The Ugly American Programmer

What language are the VCR buttons written in?

Esperanto wouldn’t do the job for the reasons articulately pointed out in

http://www.xibalba.demon.co.uk/jbr/ranto/

English has the huge network advantage of gaining more new users in the computer-literate world each year than the aggregate number of speakers of all but a few languages. English is, as Jeff says reluctantly, PRACTICAL, and it is the world interlanguage of the twenty-first century and on course to continue to be the world interlanguage for a long time.

@Konrad
We do at least still use LysergsÀure-diethylamid for LSD !

To stay on top, you have to get to docs before translator. If (when?) cutting edge tech will come from China, we all will have to learn mandarin. Or may be, we should invest in better automated translators and documentation standards now to save some headaches later.

I predict in 200-300 years software developers are required to learn a dead language (English) so that they can maintain the legacy systems that run our technology infrastructure.

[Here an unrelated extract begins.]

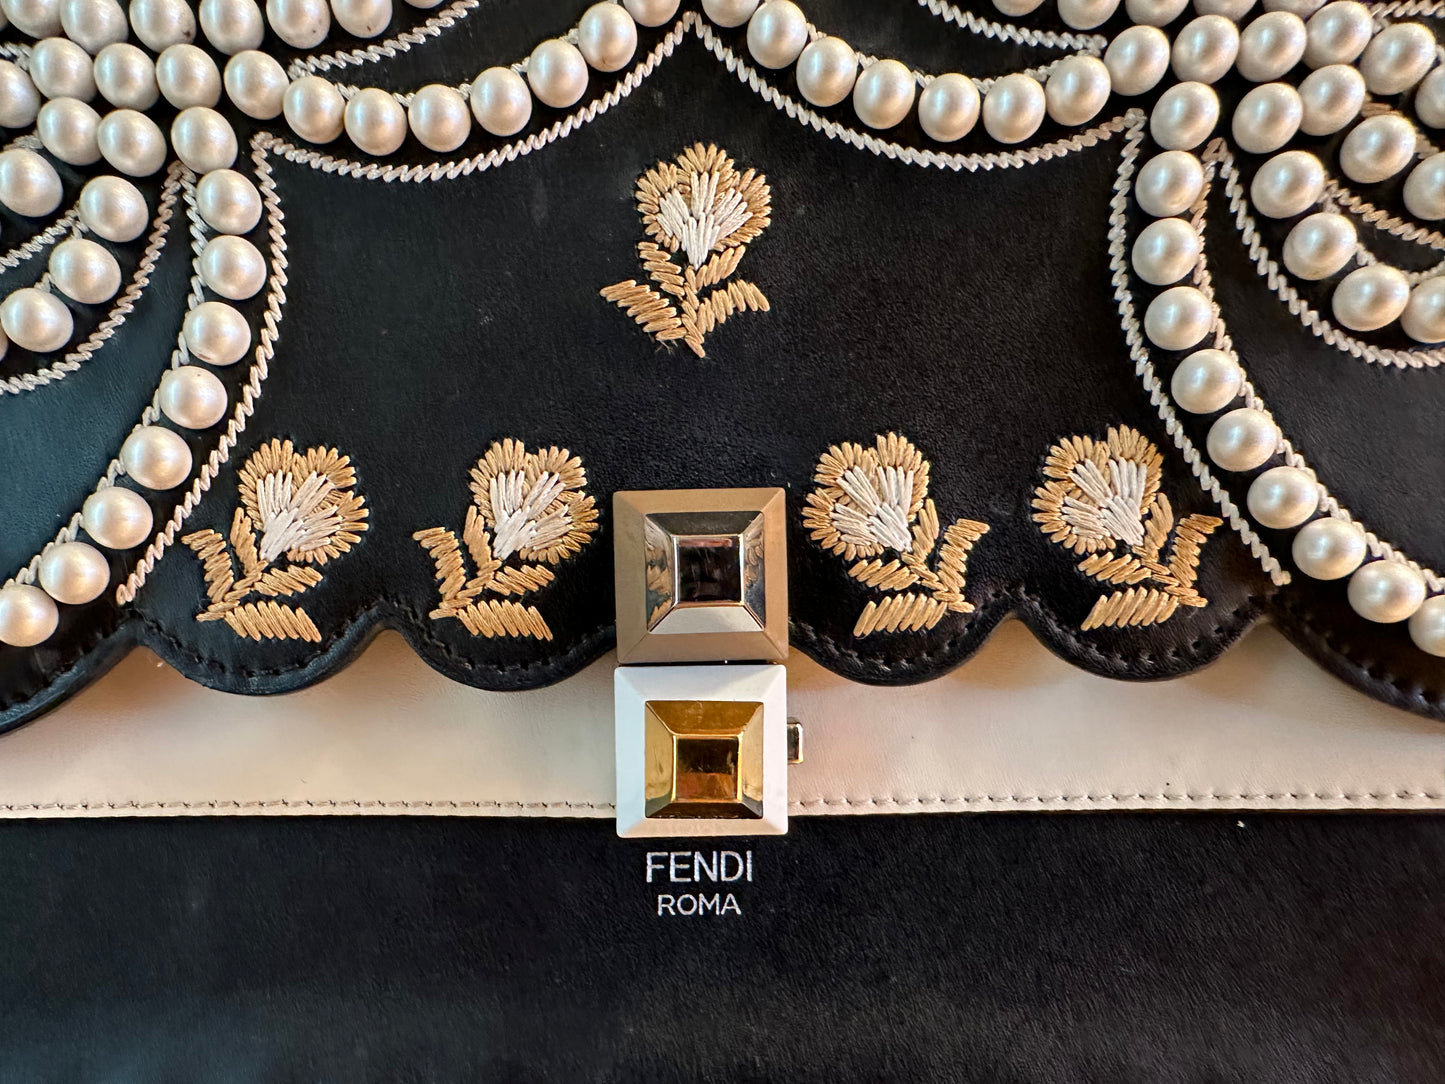 FENDI Black Leather Shoulder Bag with Pearls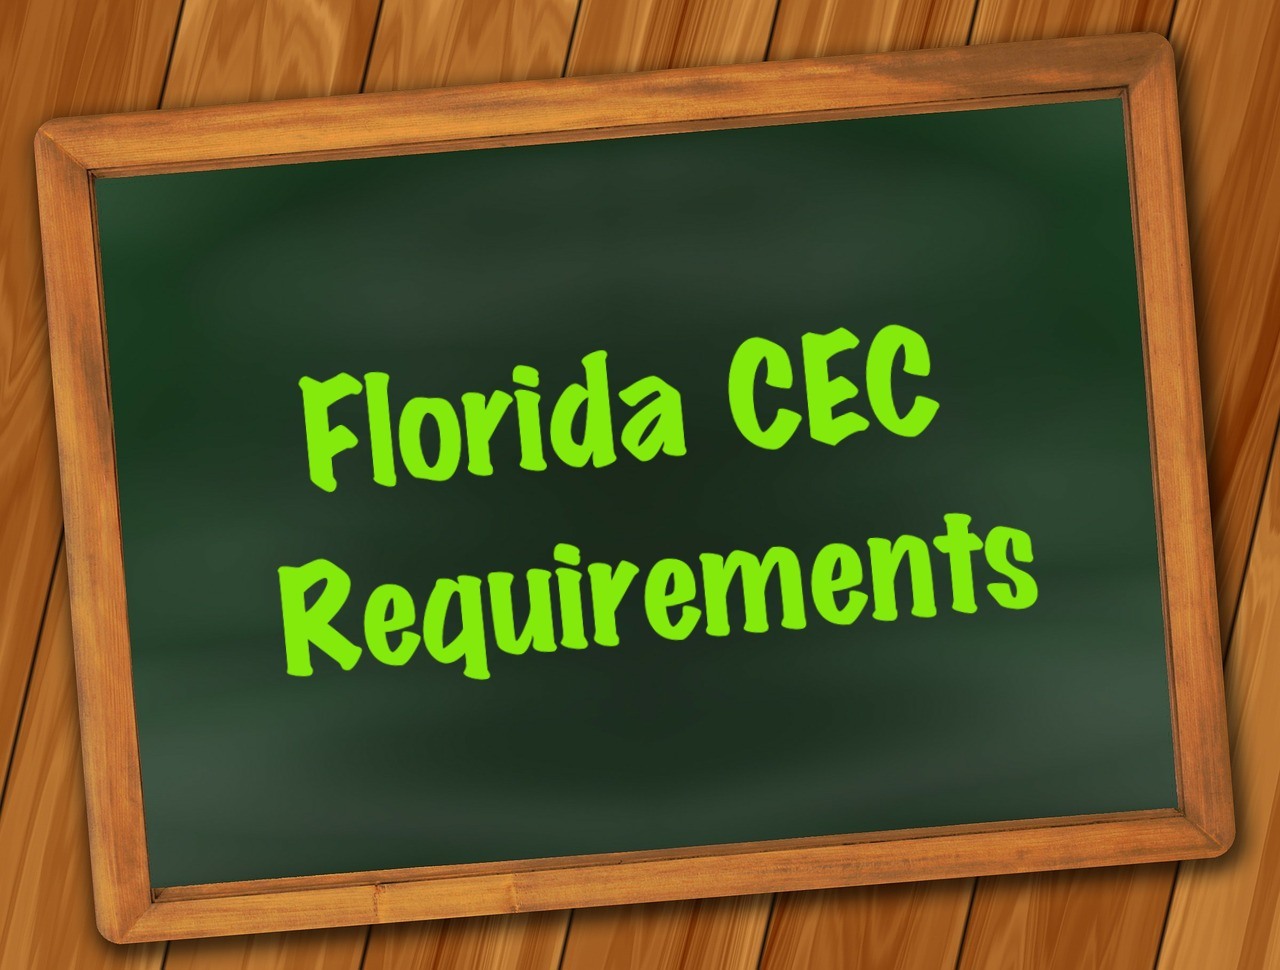 Florida CEC Requirements

Back around 1991 I learned that many hackers who have English as a second language use it in technical discussions even when they share a birth tongue; it was reported to me at the time that English has a richer technical vocabulary than any other language and is therefore simply a better tool for the job. For similar reasons, translations of technical books written in English are often unsatisfactory (when they get done at all).

I’ve NEVAR observed this. Most english tech vocabulary gets incorporated into native language simply because it’s already established and most geeks understand it to a certain degree. However, expressing thoughts in English takes considerably more time and yields an inferior result for most non native speakers. They express themselves in English for one simple reason: To be understood by an international audience. So no right tool for the right job bullshit. Forcing non native devs to document in english will generally result in a loss of precision and productivity for a gain in potential maintainabilty. Sometimes this is justified.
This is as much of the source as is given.